Marilyn Ferguson refers to 'The Moral Equivalent to War' and letting go of the old paradigm before we can embrace the new one.

 

The 1996 white paper begins with the question of purpose:

“At first glance, it might seem redundant to emphasize people as the central focus of economics. After all, isn’t the purpose of economics, as well as business, people? Aren’t people automatically the central focus of business and economic activities? Yes and no.

People certainly gain and benefit, but the rub is: which people? More than a billion children, women, and men on this planet suffer from hunger. It is a travesty that this is the case, a blight upon us all as a global social group. Perhaps an even greater travesty is that it does not have to be this way; the problems of human suffering on such a massive scale are not unsolvable. If a few businesses were conducted only slightly differently, much of the misery and suffering as we now know it could be eliminated. This is where the concept of a “people-centered” economics system comes in.”

The paper concluded:

“Just changing the way business is done, if only by a few companies, can change the flow of wealth, ease and eliminate poverty, and leave us all with something better to worry about. Basic human needs such as food and shelter are fundamental human rights; there are more than enough resources available to go around–if we can just figure out how to share. It cannot be “Me first, mine first”; rather, “Me, too” is more the order of the day.”

In 2009, The Charter for Compassion launched and P-CED joined as partners, this being congruent with our own philosophy:

“Substitute personal greed with compassion, and the balance sheets will still work out just fine. Profit/loss statements take on a whole new dimension and meaning. Greed and capitalism are not one and the same thing. “Social” capitalism, social enterprise, is perfectly doable. This is the most effective sustainable strategy available for alleviating widespread human suffering stemming from poverty and all that comes with it — up to and including terrorism.”

Calling for support in 2006, founder Terry Hallman wrote in a strategy paper of the need to place abandoned children in family homes, saying

“There is no substitute for a loving family environment for growing children. Existing state care institutions do not and cannot possibly provide this – despite occasional, lingering claims that state care is the best care for children. This attitude is a holdover from Soviet times when the state was idealized as the best possible caretaker for all, including children. Stark reality does not support that notion.”

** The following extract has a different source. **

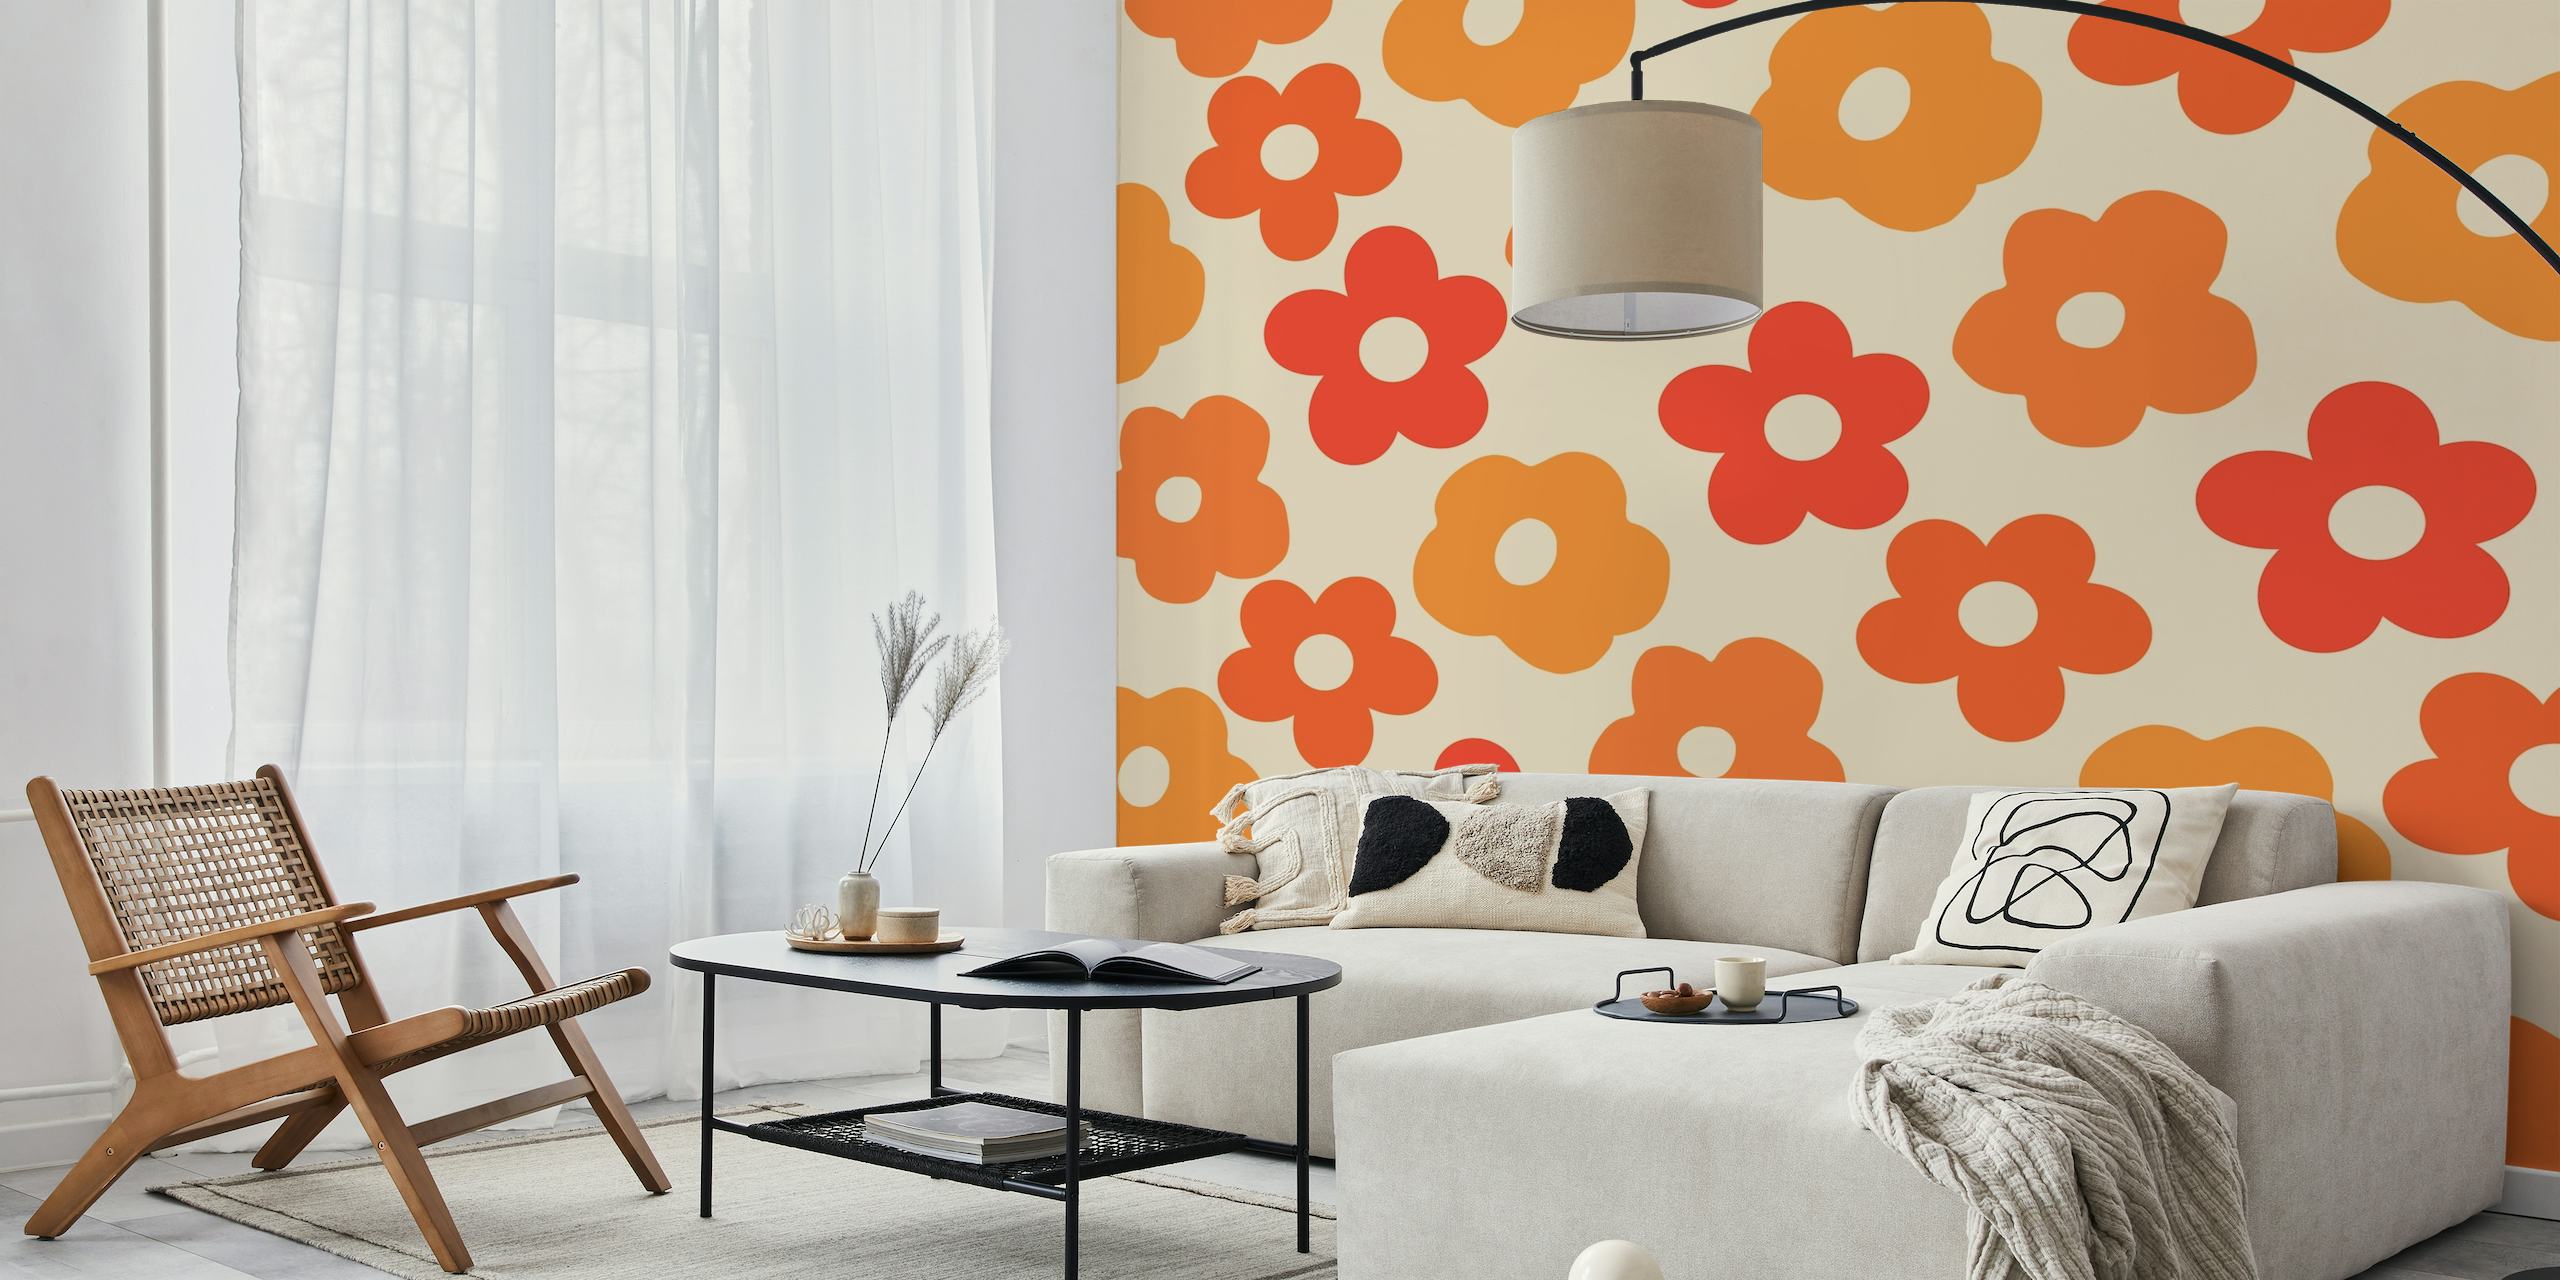 Retro Daisies 1970s Colors Wall Mural with Orange and Yellow Flowers on a Beige Background

The impact on government policy and subsequent influence can be seen in ‘Every Child Deserves a Family‘, an article published recently by Maidan, in Ukraine, who were the people who discovered his body and published an extract of his communication to USAID and the Senate Committee on Foreign Relations. His letter ended:

“I and others shall continue to think positive and look for aid budgets and funding spigots to be opened much more for people and NGOs in silos, foxholes and trenches, insisting on better than ordnance, and who understand things and how to fix them. We can do that. We can even do it cost-effectively and with far better efficiency than the ordnance route. Welcome to our brave new world. Except it’s not so new: learn to love and respect each other first, especially the weakest, most defenseless, most voiceless among us, then figure out the rest. There aren’t other more important things to do first. This message has been around for at least two thousand years. How difficult is it for us to understand?”

Support was not forthcoming and refusing to give up on his mission in spite of ill health, the author died in August 2011,  leaving behind a hope.  Friends at the Maidan civic action wrote:

The author of breakthru report “Death camps for children” Terry Hallman suddenly died of grave disease on Aug 18 2011. On his death bed he was speaking only of his mission – rescuing of these unlucky kids. His dream was to get them new homes filled with care and love. His quest would be continued as he wished.